12. Binding Obligation. This Agreement shall be biding, at CH’s discretion, upon on the respective successors and assigns of
the Customer. Further, the benefits herein shall inure to the respective successors and assigns of the CH.
13. No Waiver. The failure of CH to enforce any provision of this Agreement on one or several occasions shall not be construed
to be a waiver of such provision or any other provision, nor in any way to affect the validity of all or any part of this Agreement or the right of CH thereafter to enforce each and every such provision. No waiver of any breach of this Agreement shall be held to
constitute a waiver of any other or subsequent breach.
14. Captions. The captions and headings continued in this Agreement are for convenience and reference only and shall not be
deemed to be construed as limiting or modifying in any manner the provisions of this Agreement.
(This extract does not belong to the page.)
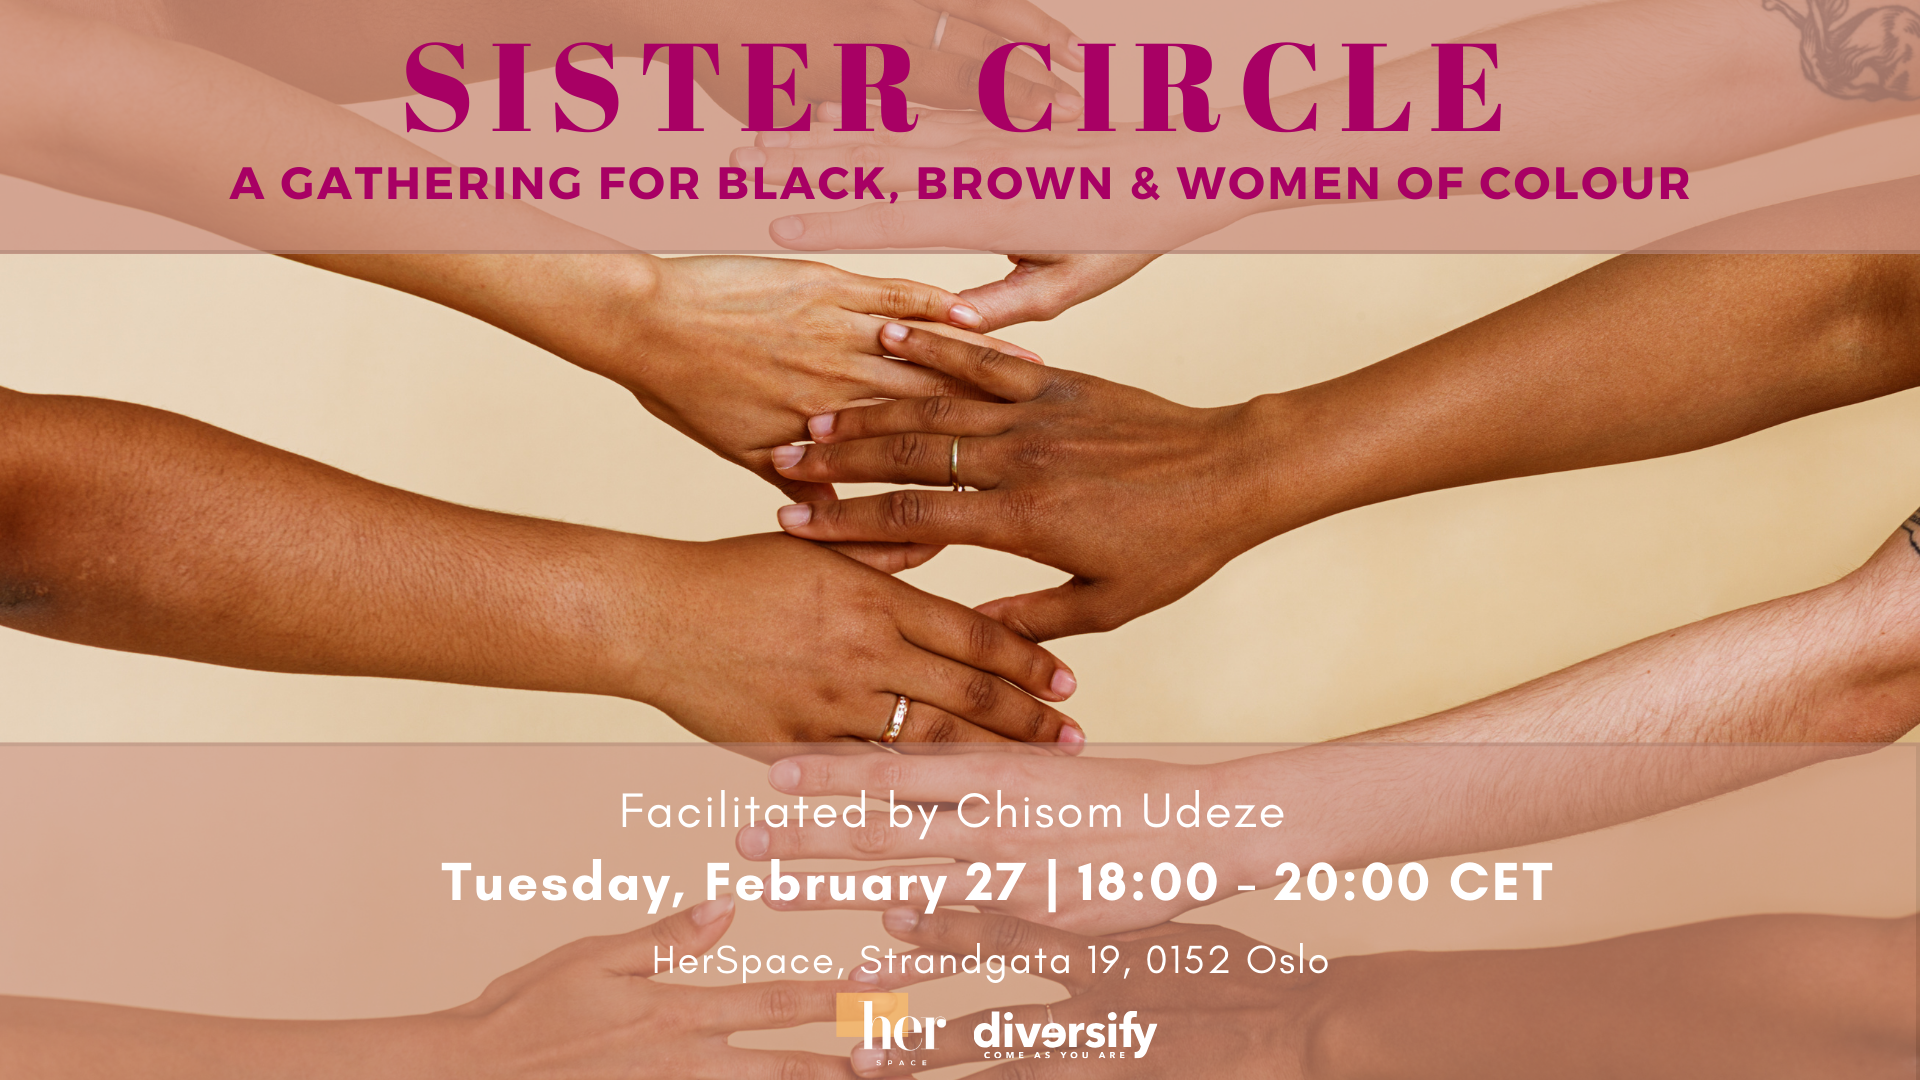 Poster for February 27 Sister Circle with pink text.

15. Savings Clause. If any section or portion of this Agreement is declared or found by a court of competent jurisdiction to be
unenforceable or null and void, such section or portion shall be deemed stricken and severed from this Agreement, and the remaining
sections and portions set forth shall continue in full force. Further, to the maximum extent possible, the intent of said invalidated
sections or portions shall be re-written and enforced in a new and valid section or portions as it may apply.
16. WAIVER OF RIGHT TO JURY TRIAL. THE PARTIES HERETO HEREBY WAIVES TRIAL BY JURY IN ANY
ACTION, PROCEEDING OR COUNTERCLAIM ARISING OUT OF OR RELATING TO THIS AGREEMENT, OR THE
SUBJECT MATTER HEREOF OR THEREOF. THIS PROVISION IS A MATERIAL INDUCEMENT FOR THE PARTIES TO
ENTER INTO THIS AGREEMENT.
The signatory below represents and warrants that (s)he has all of the requisite power, right, title and authority to enter into
this Agreement, and bind the subject entity(ies), property(ies), and himself or herself.